**Problem statement:**
Check every line of the entries below for the word "nbsp", and copy the ones that have it.

**Records shown:**
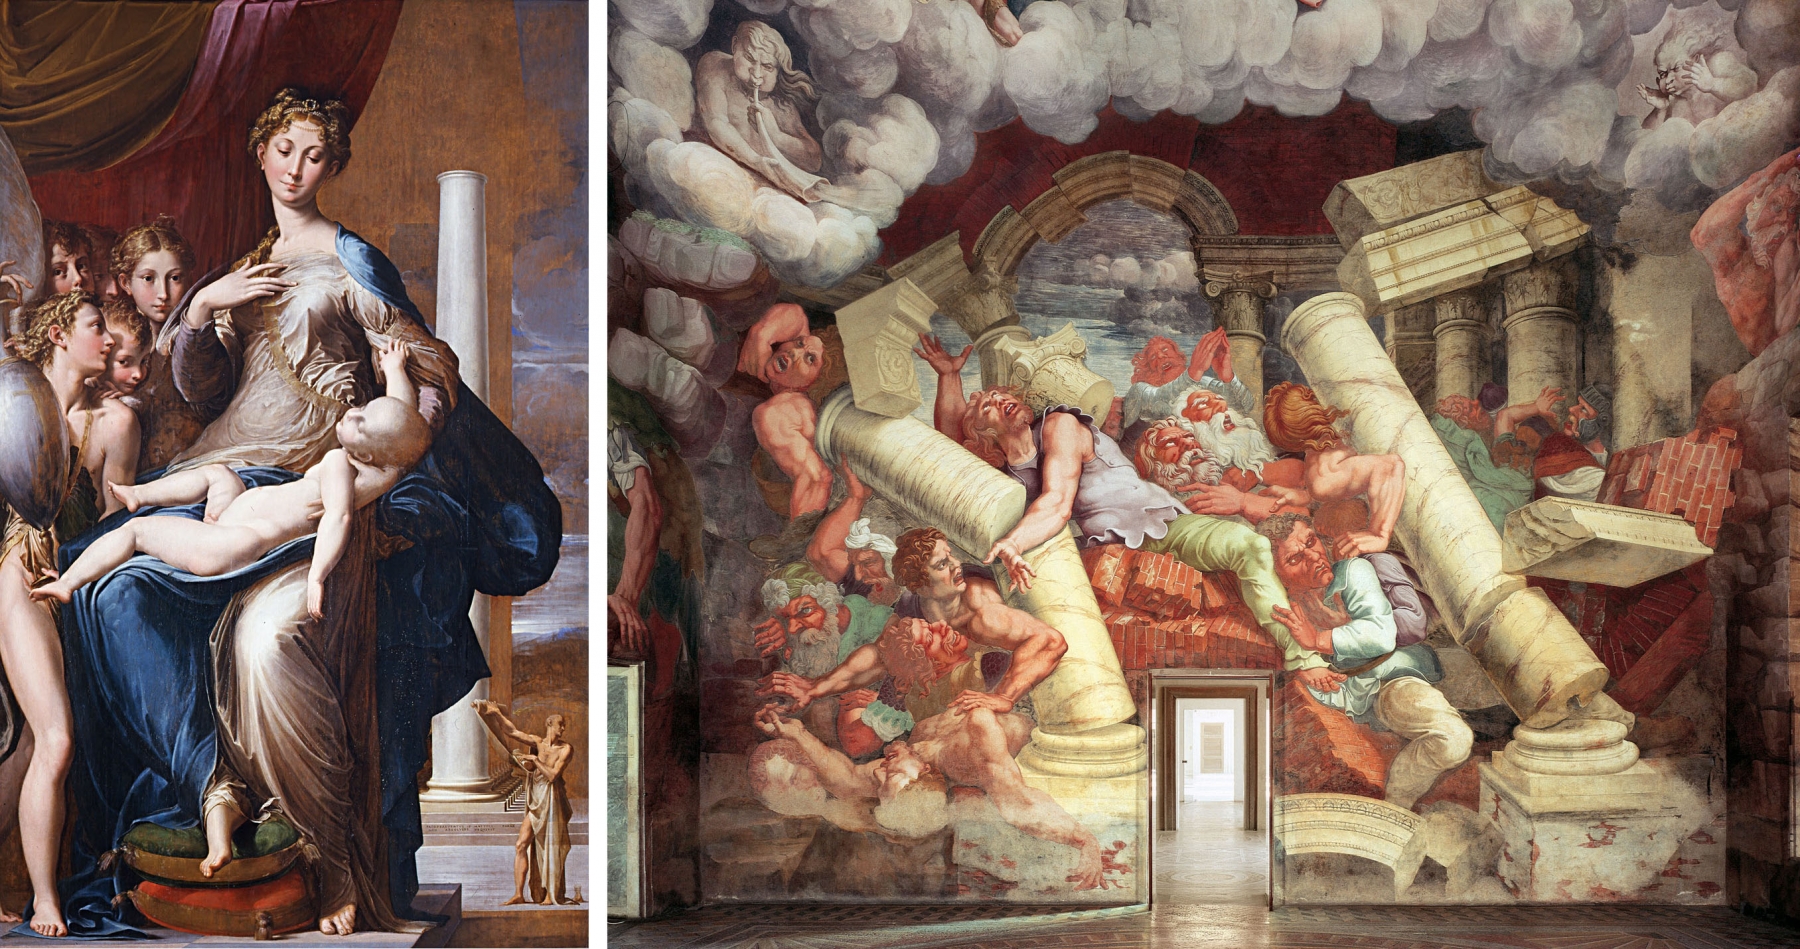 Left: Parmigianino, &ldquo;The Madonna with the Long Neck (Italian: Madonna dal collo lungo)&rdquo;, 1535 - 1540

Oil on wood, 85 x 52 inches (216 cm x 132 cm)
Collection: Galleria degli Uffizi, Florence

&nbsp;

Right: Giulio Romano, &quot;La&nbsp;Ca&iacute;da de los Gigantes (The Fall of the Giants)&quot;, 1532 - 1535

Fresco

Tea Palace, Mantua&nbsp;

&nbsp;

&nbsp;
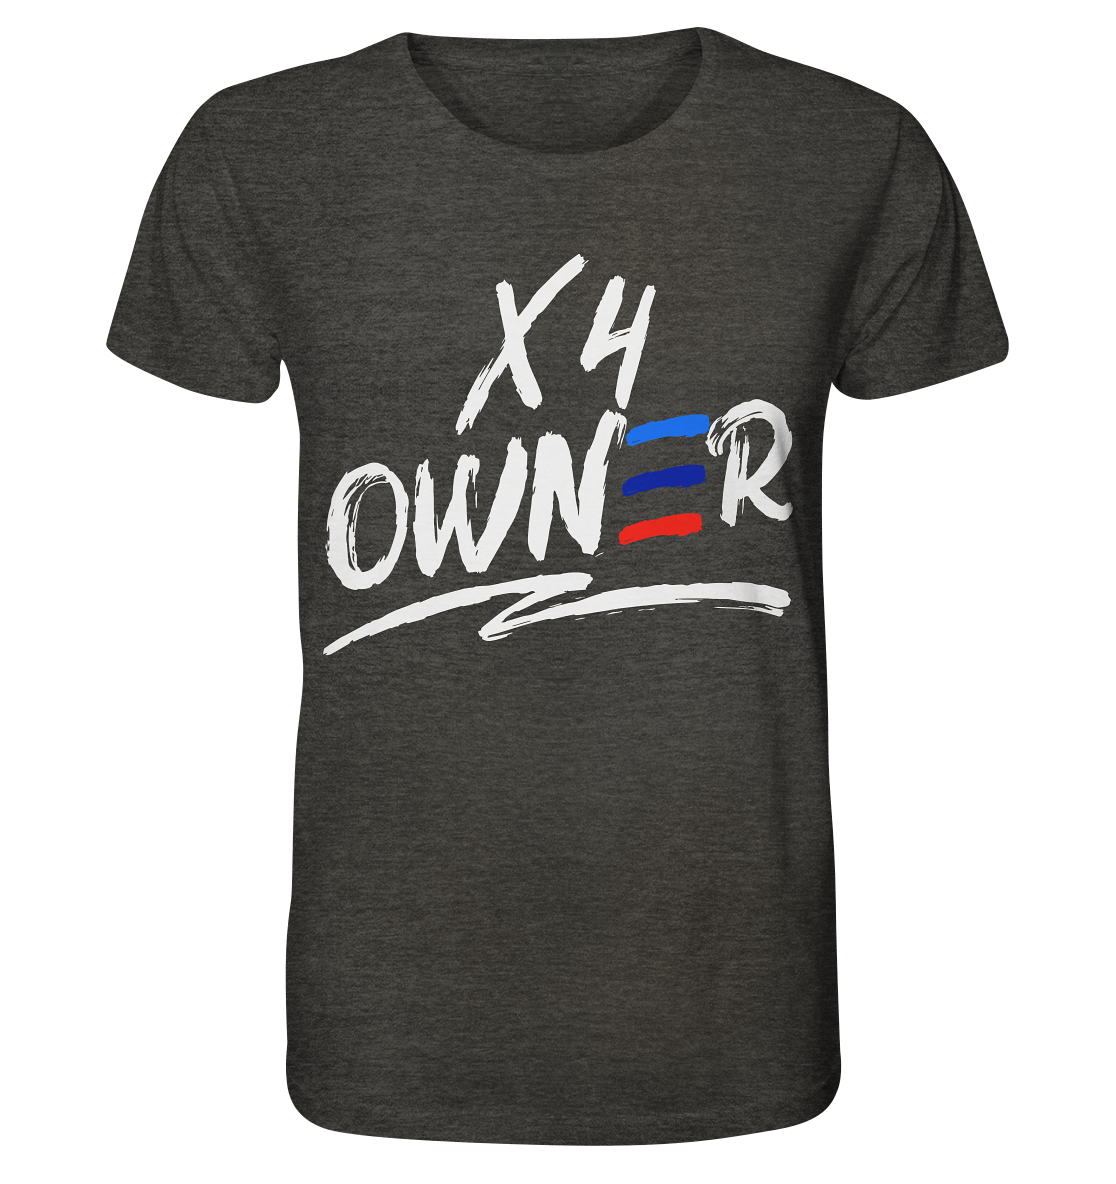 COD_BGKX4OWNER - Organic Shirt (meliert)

**Task output:**
&nbsp;
Right: Giulio Romano, &quot;La&nbsp;Ca&iacute;da de los Gigantes (The Fall of the Giants)&quot;, 1532 - 1535
Tea Palace, Mantua&nbsp;
&nbsp;
&nbsp;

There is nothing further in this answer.